→ **YOUR TASK**: Reprint the lines below as they are, minus the pictures.

--- DATA SHOWN Enclosed Below ---

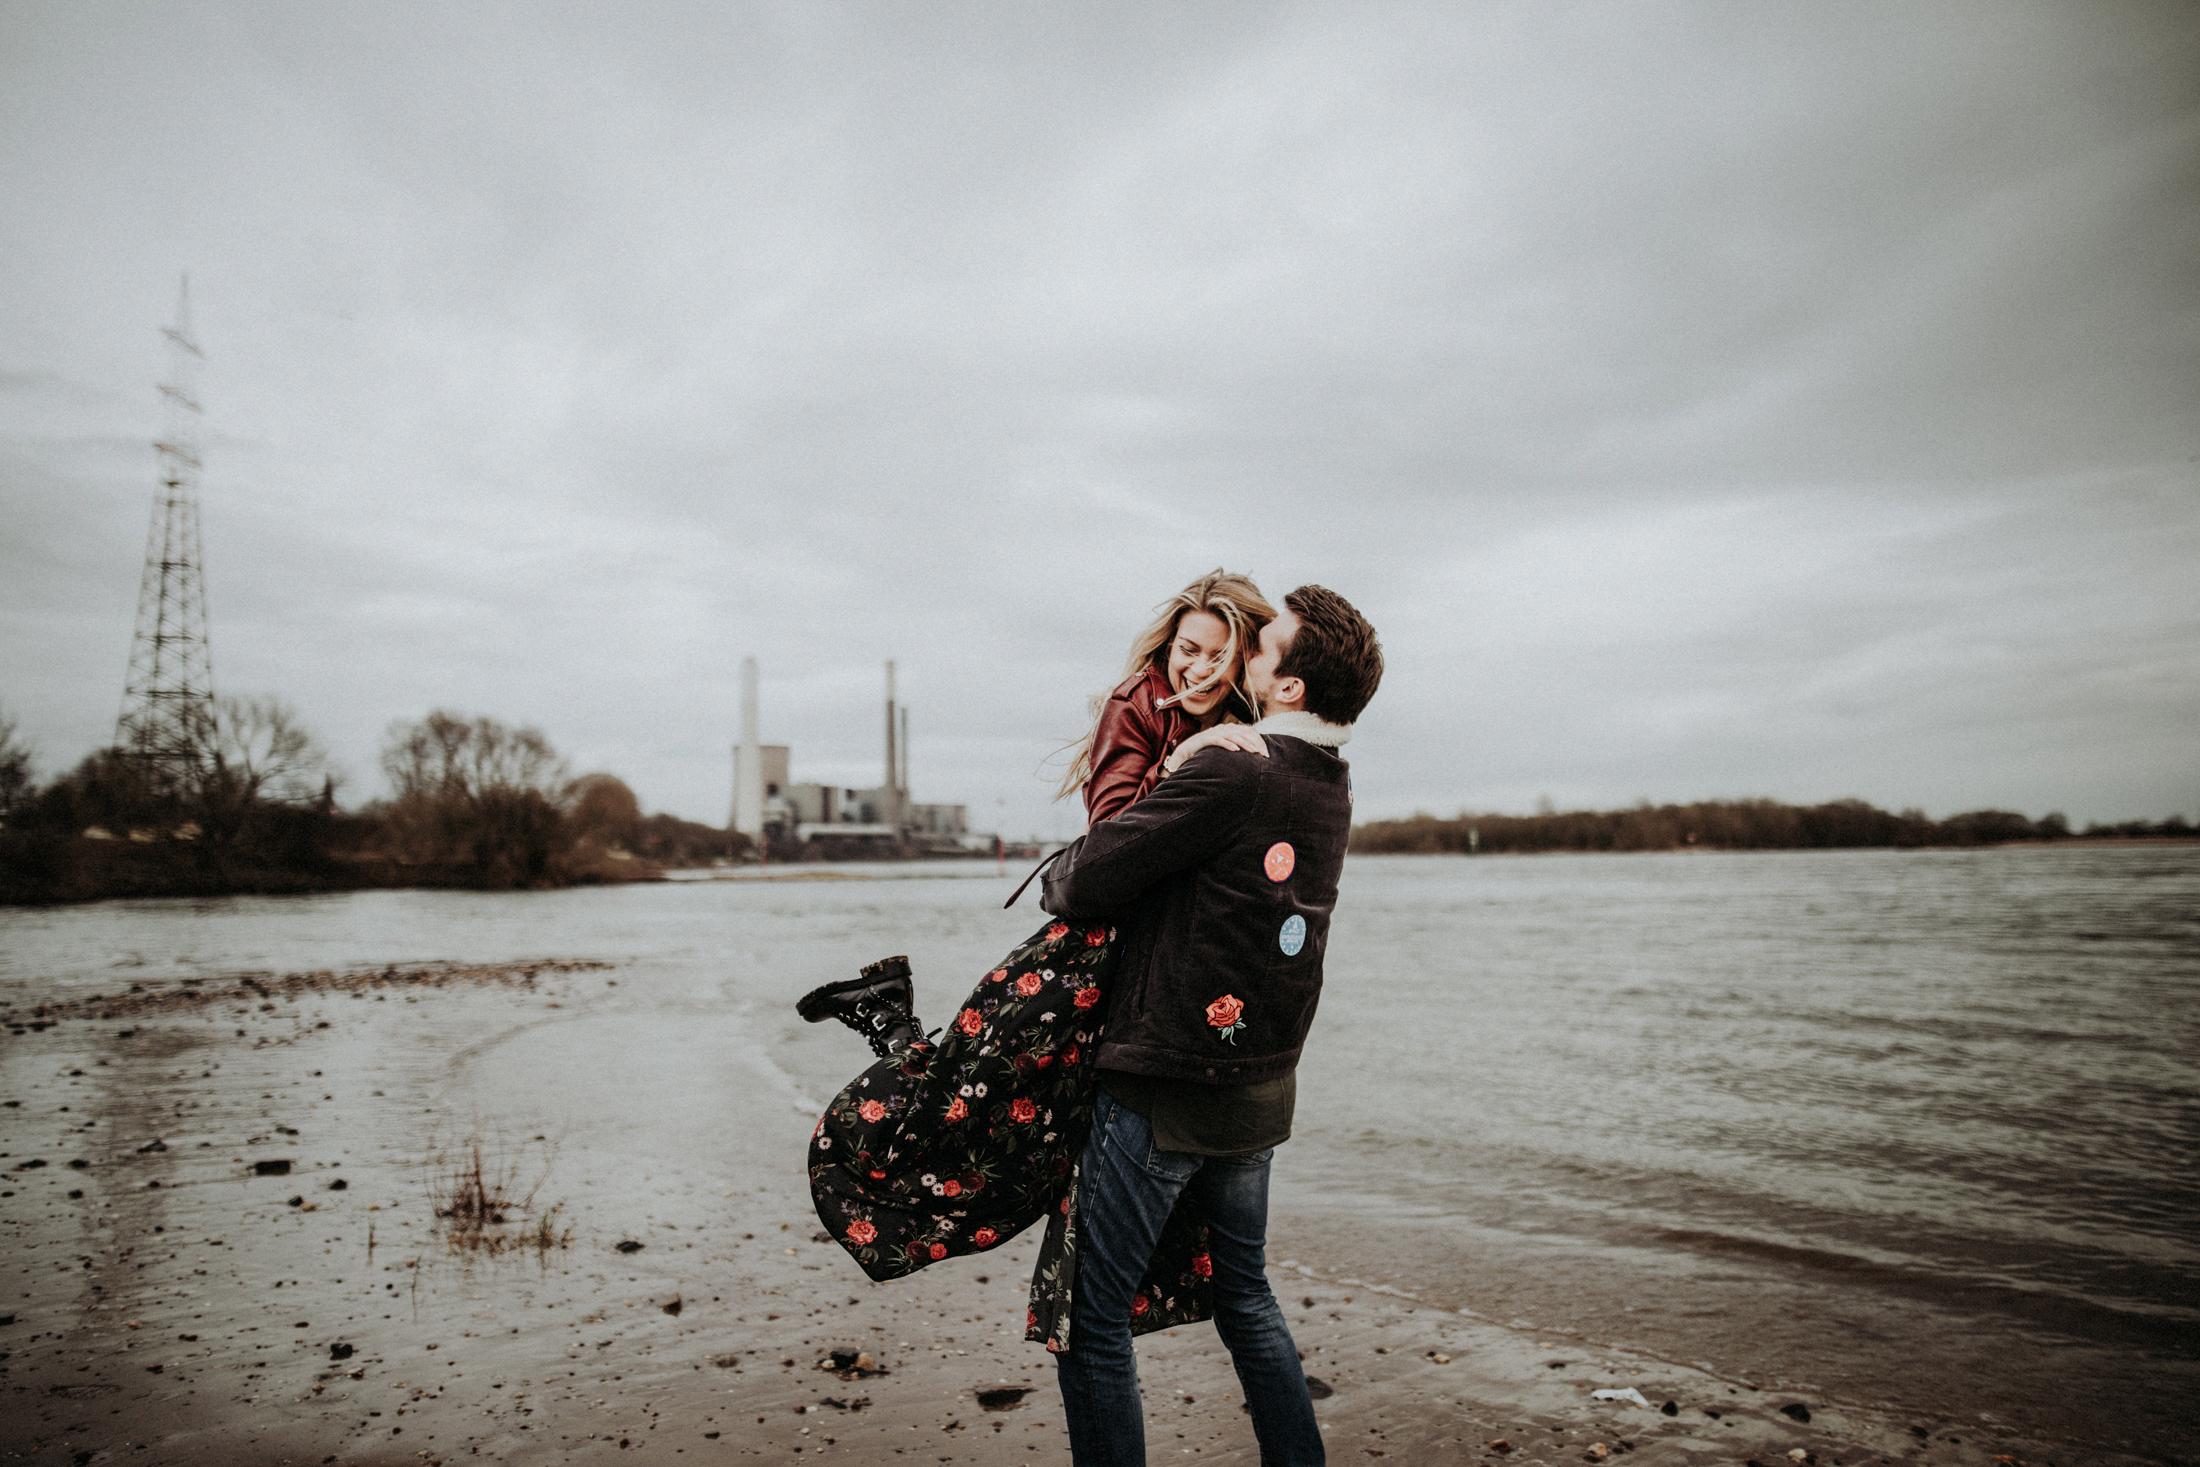 Wedding_Photographer_Mallorca_DanielaMarquardt_Photography_CanaryIslands_Lanzarote_Iceland_Tuscany_Santorini_Portugal_NewYork_Spain_Elopement_Hochzeitsfotograf_CK49
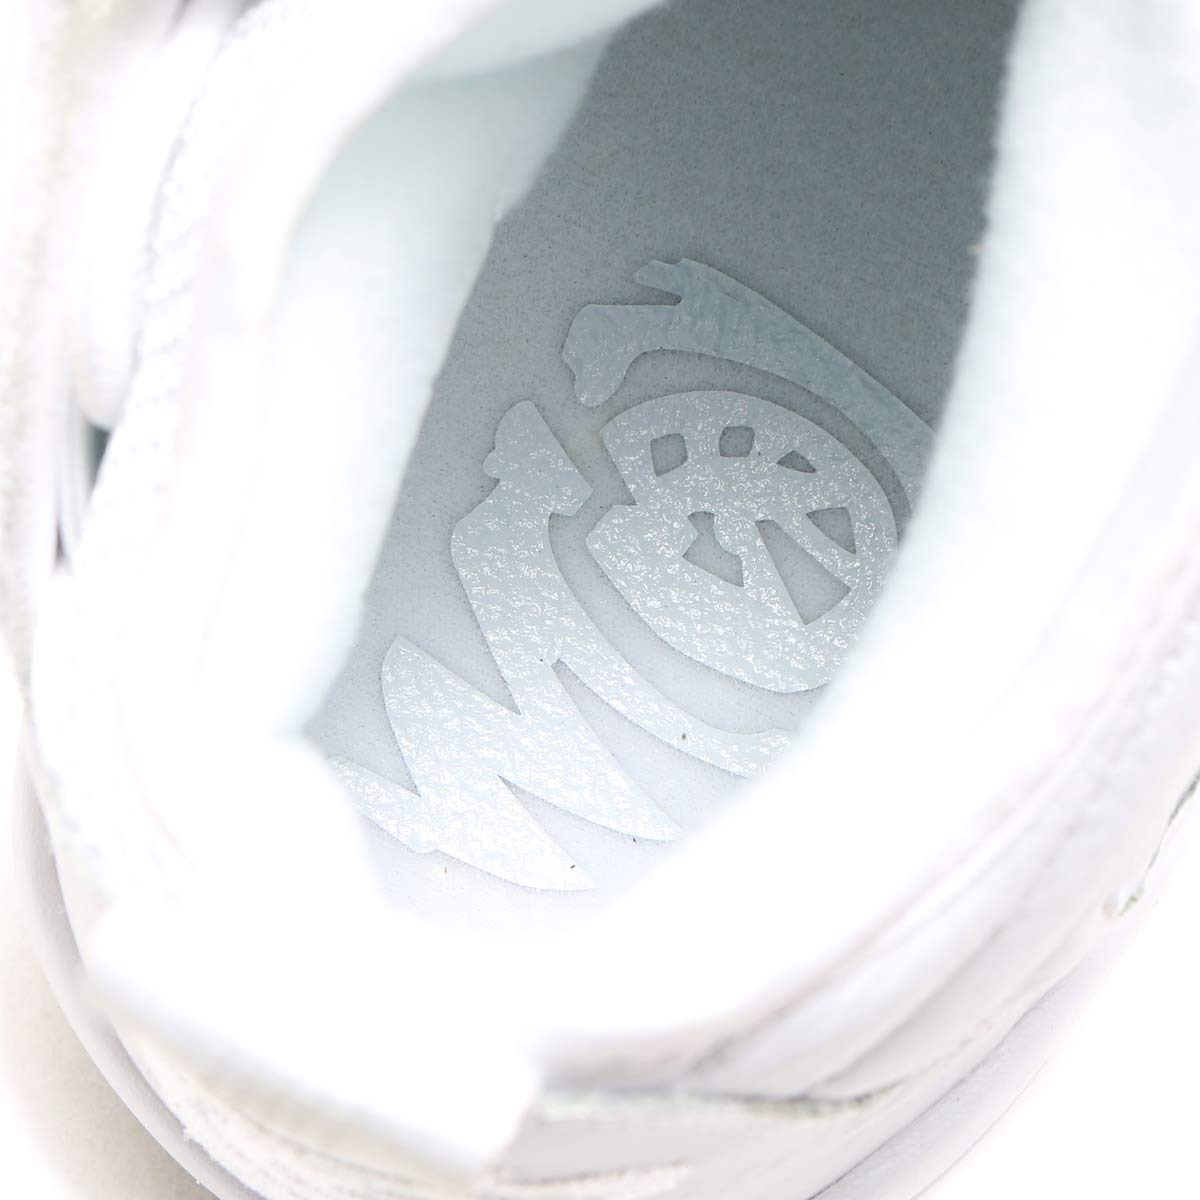 NIKE AIR SHAKE NDESTRUKTナイキ エア シェイク インデストラクトWHITE WHITE WHITE メンズ レディース スニーカー 17FA SdBhtQxsCr
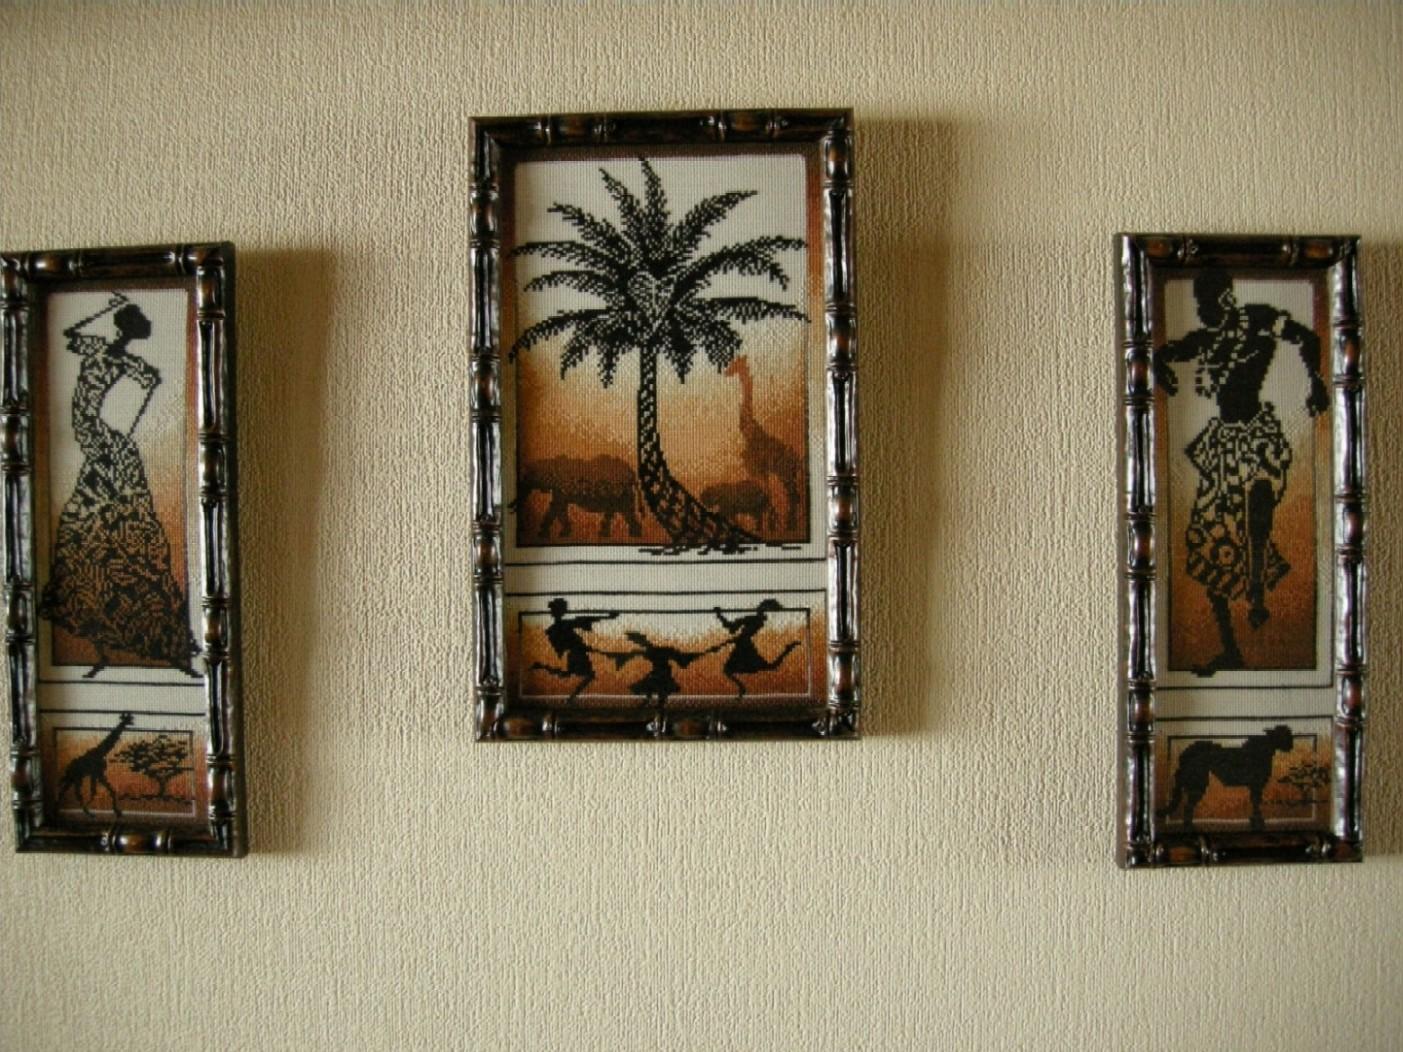 Африканские истории. Пейзажи

--- End of Enclosed DATA SHOWN ---

→ **RESPONSE BOX**:
 Wedding_Photographer_Mallorca_DanielaMarquardt_Photography_CanaryIslands_Lanzarote_Iceland_Tuscany_Santorini_Portugal_NewYork_Spain_Elopement_Hochzeitsfotograf_CK49
 NIKE AIR SHAKE NDESTRUKTナイキ エア シェイク インデストラクトWHITE WHITE WHITE メンズ レディース スニーカー 17FA SdBhtQxsCr
 Африканские истории. Пейзажи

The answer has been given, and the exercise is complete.